Today, I'm wrapping up my legal theory class, and with it, my college career. In the class we've covered a lot of ground: natural law, positivism, realism, and all of the critical and postmodern appendages of today's legal thought. One voice that caught my attention, maybe surprisingly, given my libertarian tendencies, was Ronald Dworkin. Something about his elegant portrayal of law's integrity, its ability to transform, to change, to better.

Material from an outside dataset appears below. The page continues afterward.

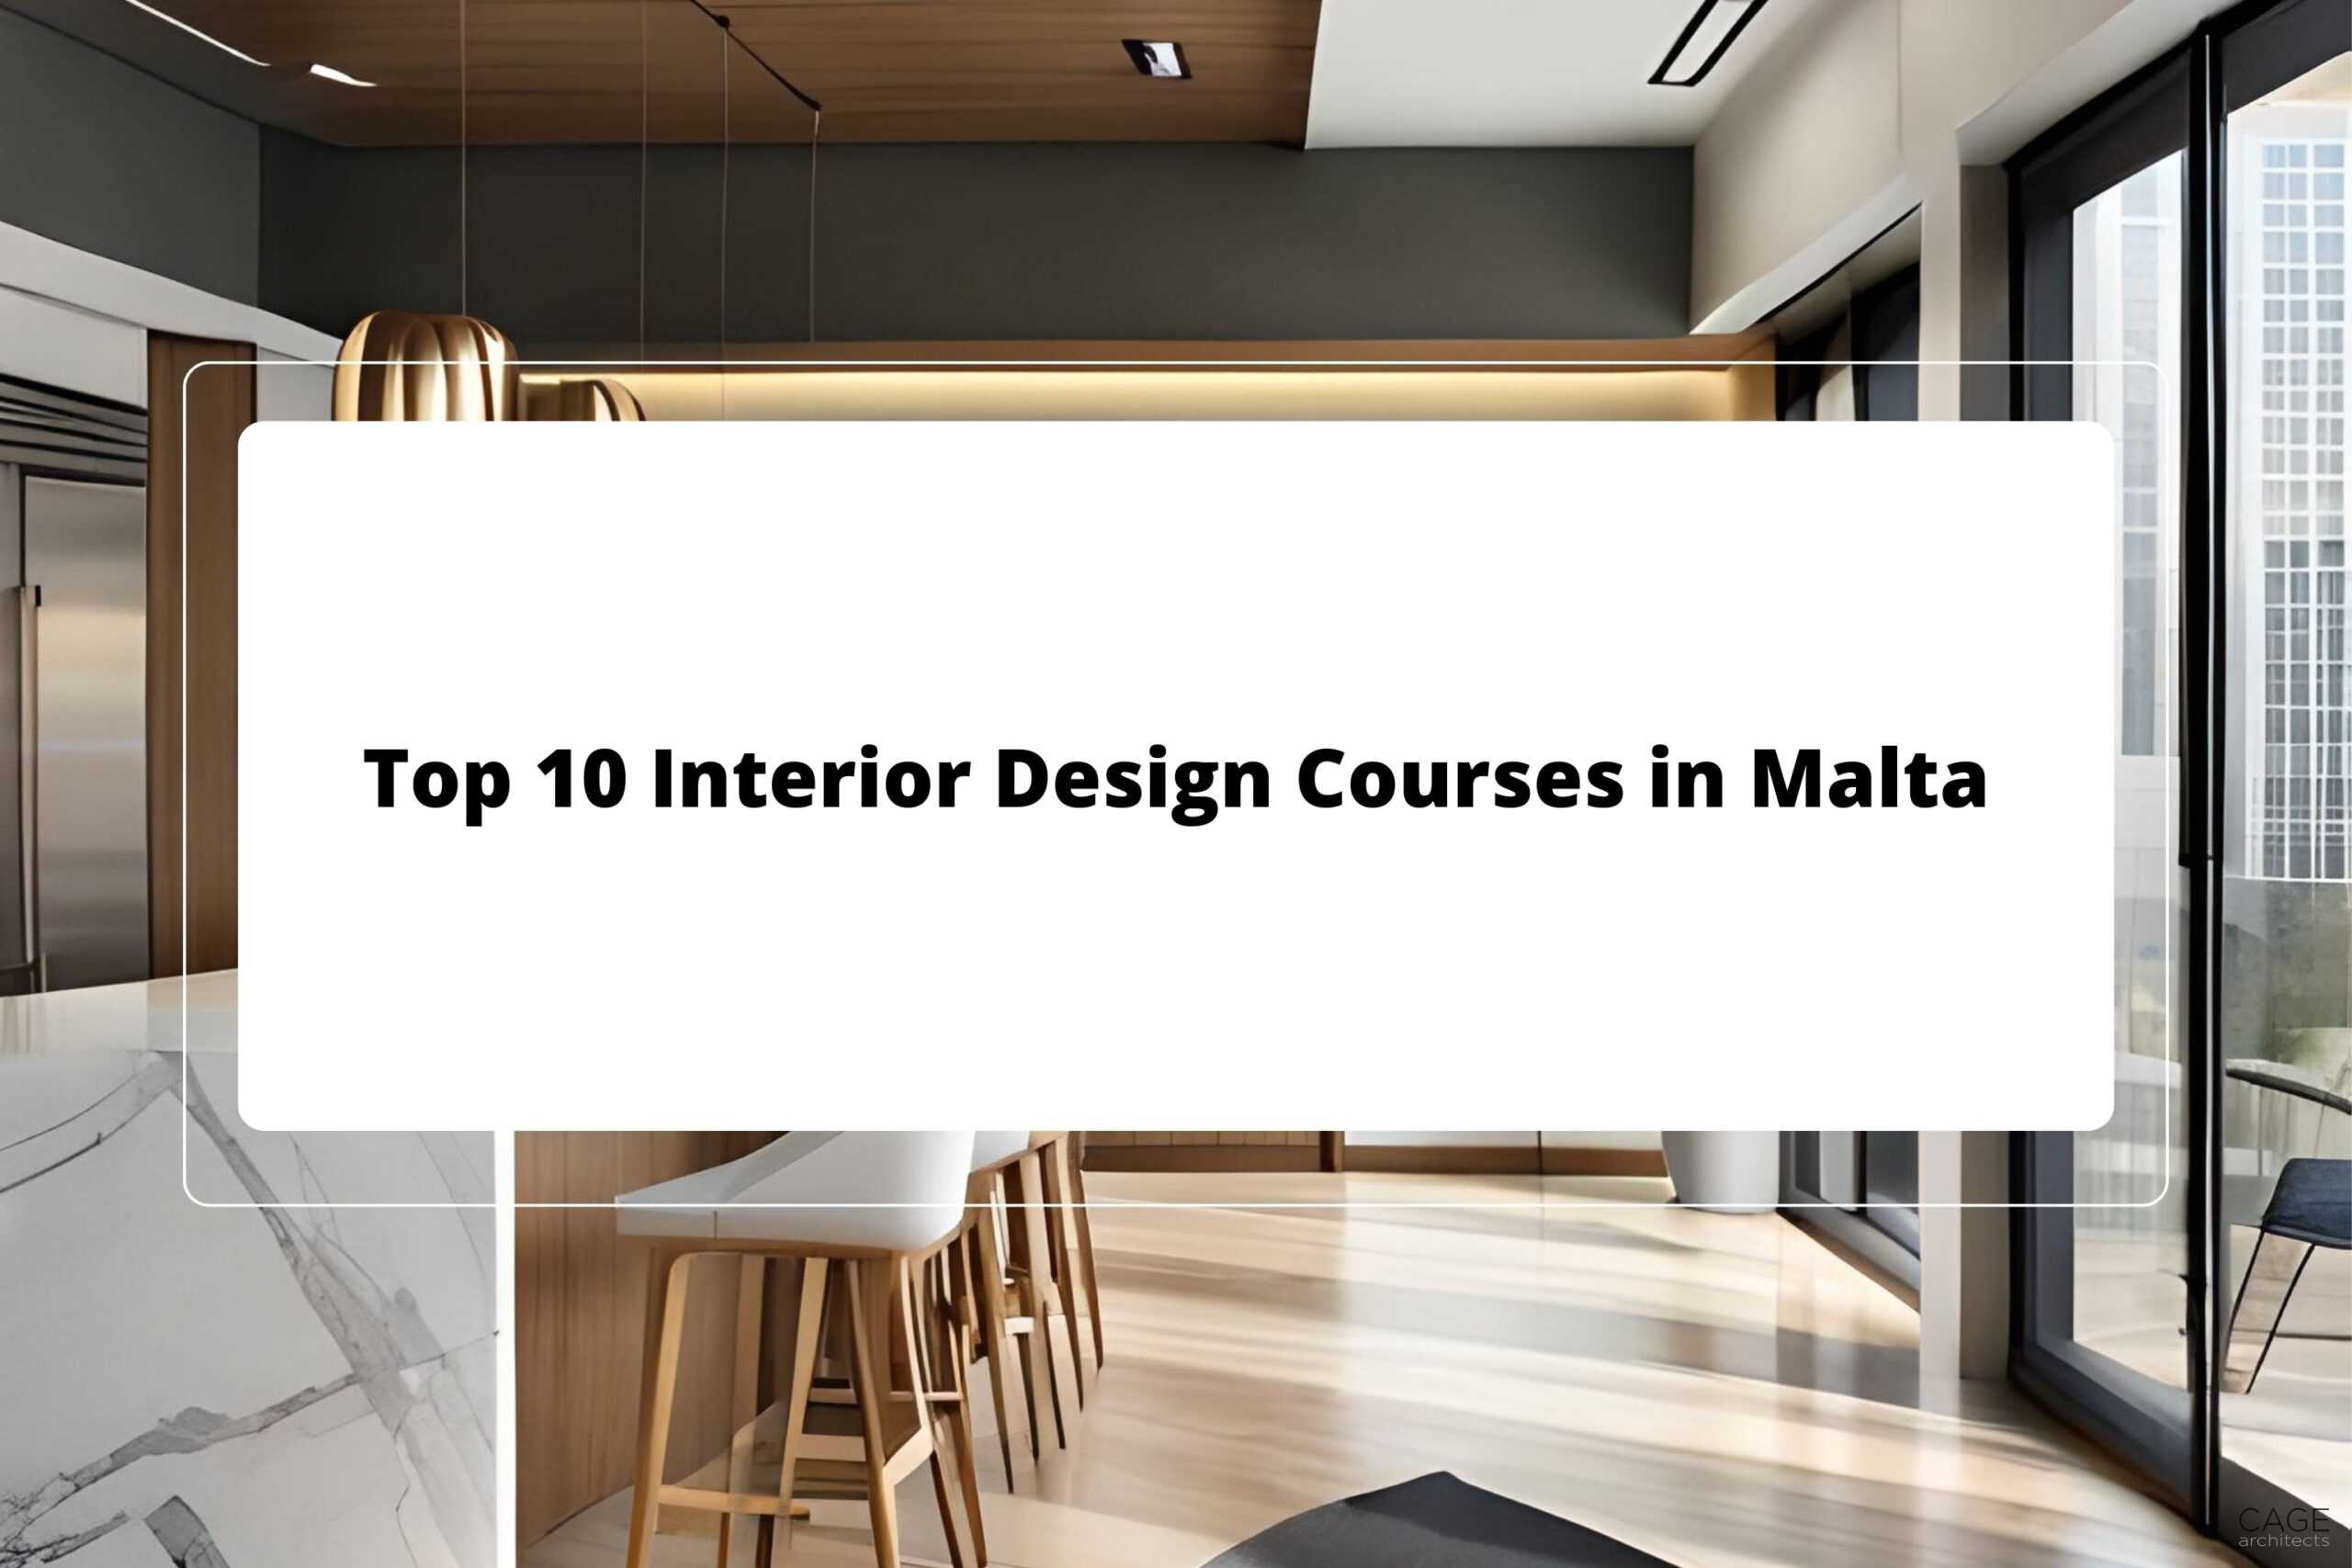 Top 10 Interior Design Courses in Malta: Your Comprehensive Guide
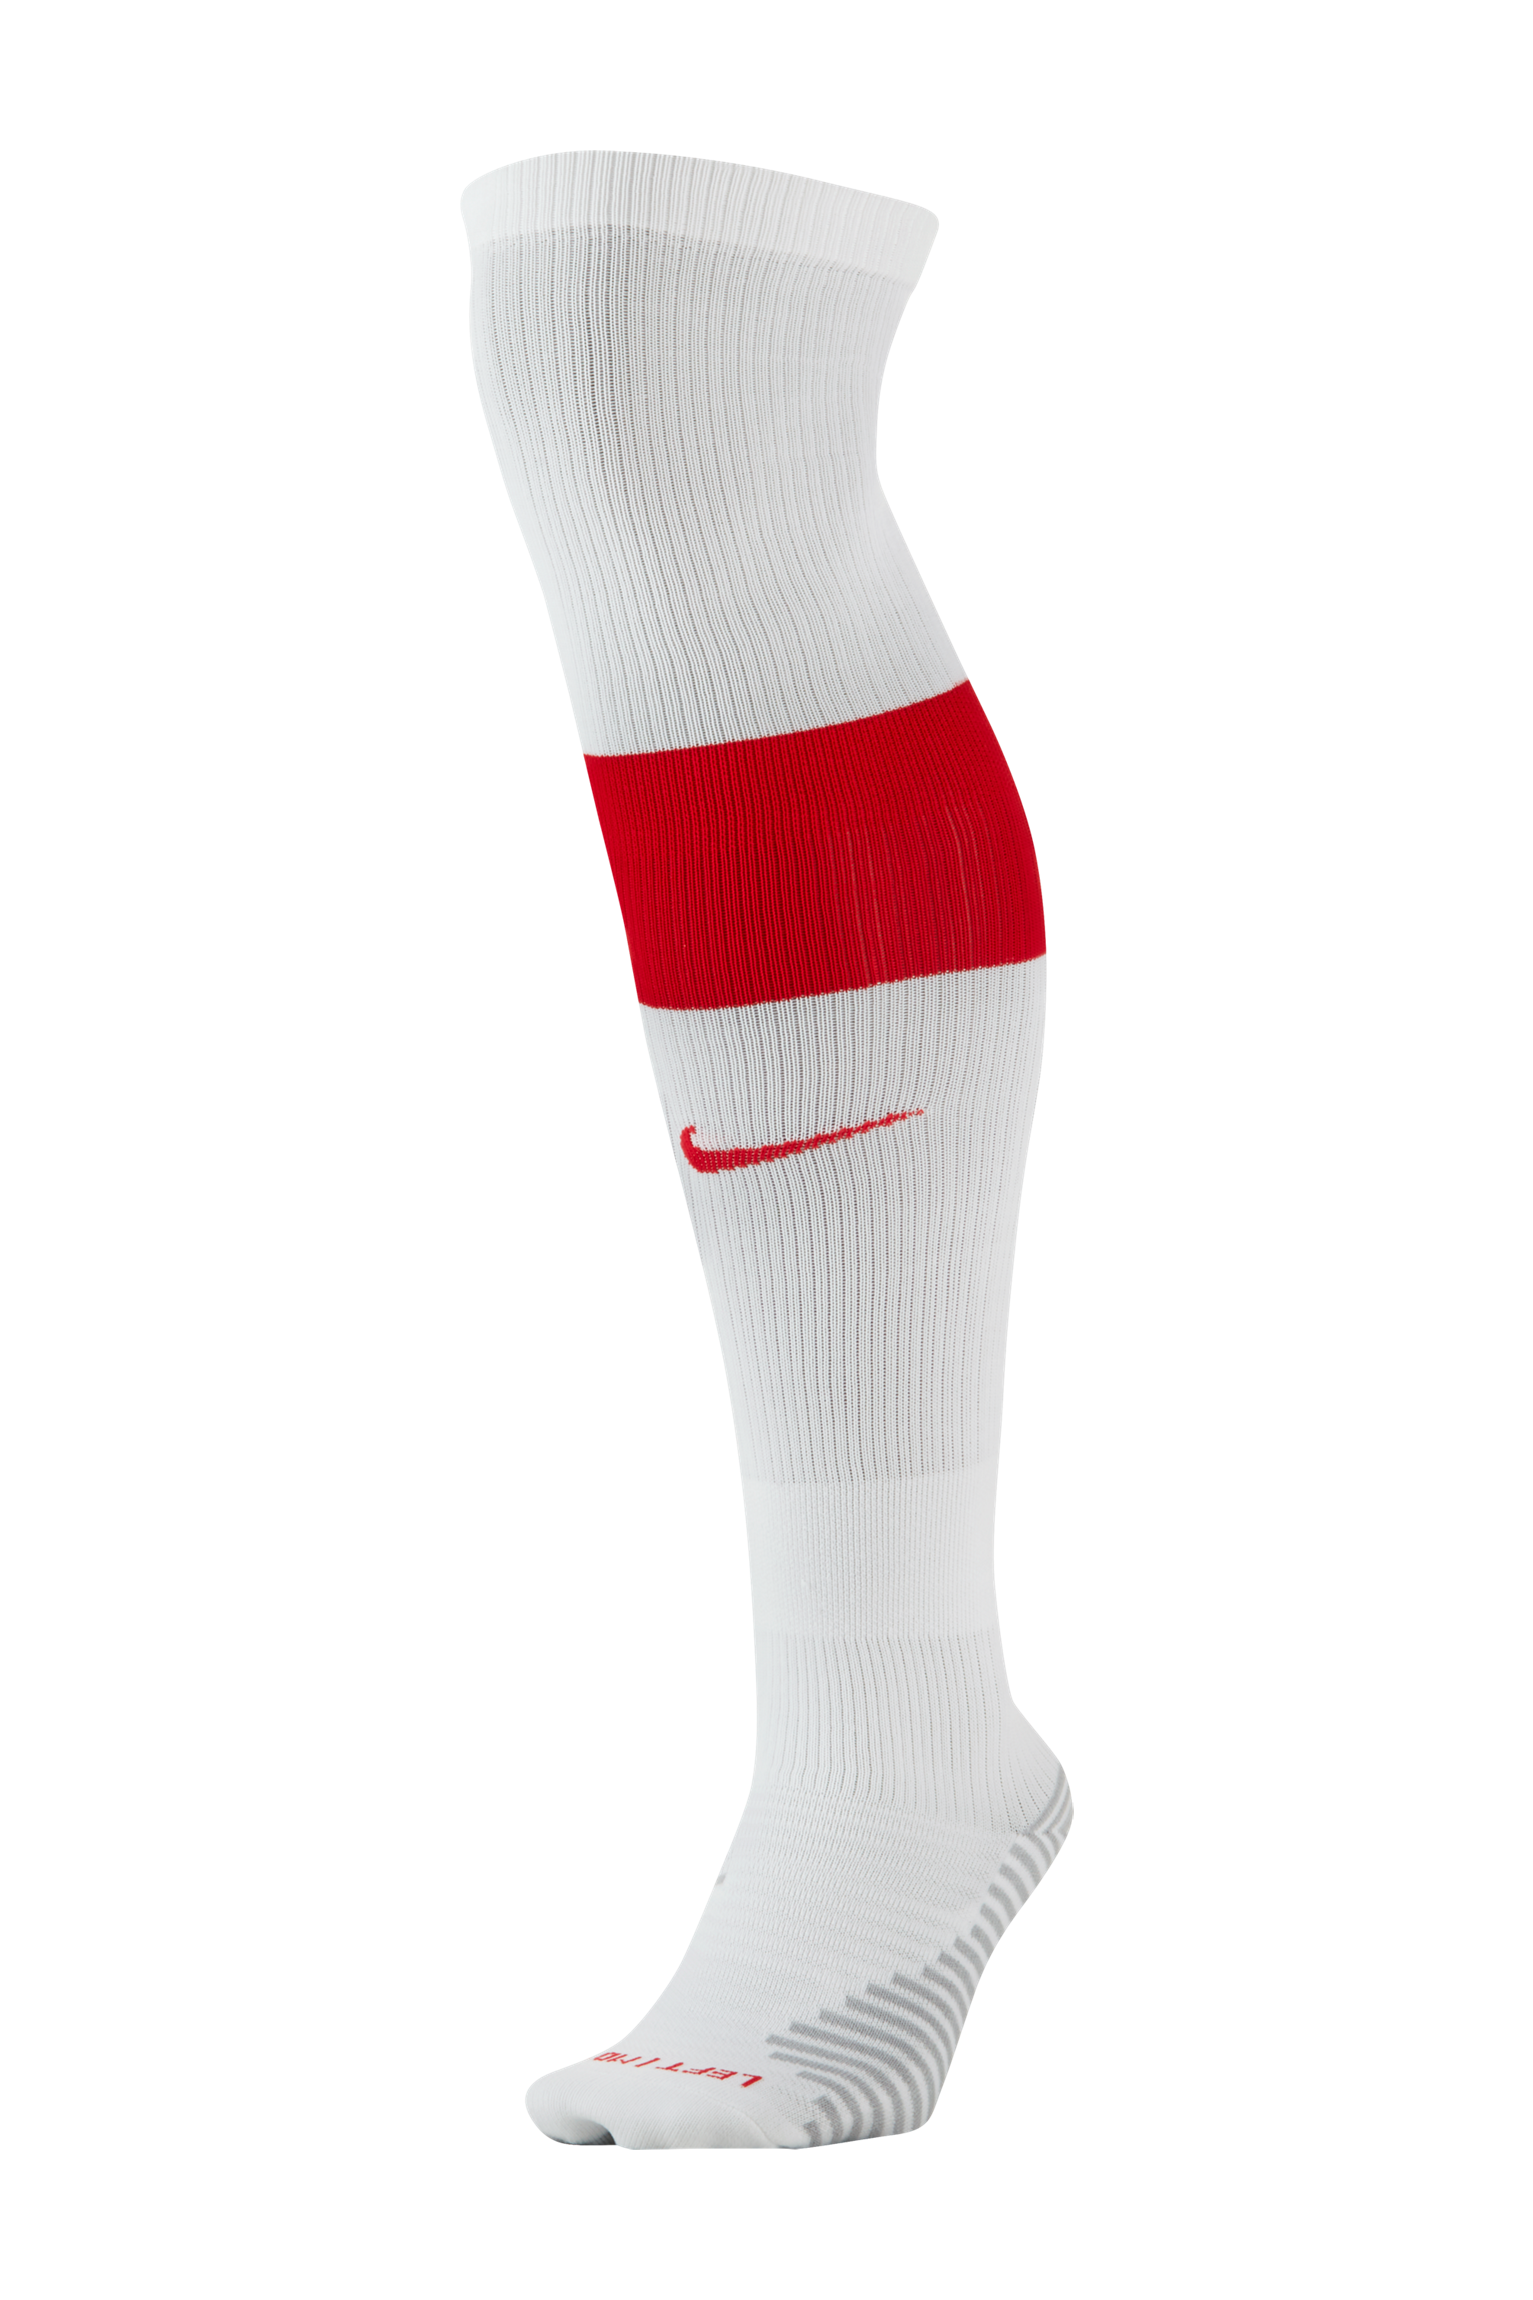 Socks Nike Poland Stadium OTC Home | R-GOL.com - boots & equipment

    But Dworkin has his critics, to be sure. The Chronicle of Higher Education has an interesting article on Dworkin, his recent book, and the perennial rose-colored glasses through which he sees the law. Carlin Romano writes:

"The pathos of Dworkin's jurisprudence is that, after several decades, its two parts don't add up. In his philosophical work, the judge not only can grasp our entire constitutional scheme, like some hotshot assistant professor who understands every nuance of Kant's system, but he must to be an adequate judge. In his New York Review pieces, no living judge — make that no conservative judge — understands what he or she is doing."

    I'd like to think of law as robust, as having inner morality, but something always leads me to stop short. I think it's the messiness of law– the political exigencies that lead Dworkin and others to lambaste their political foes– that does this for me. Law is a powerful tool, but as is the case with most powerful tools, we cannot leave it uncriticized and unchecked.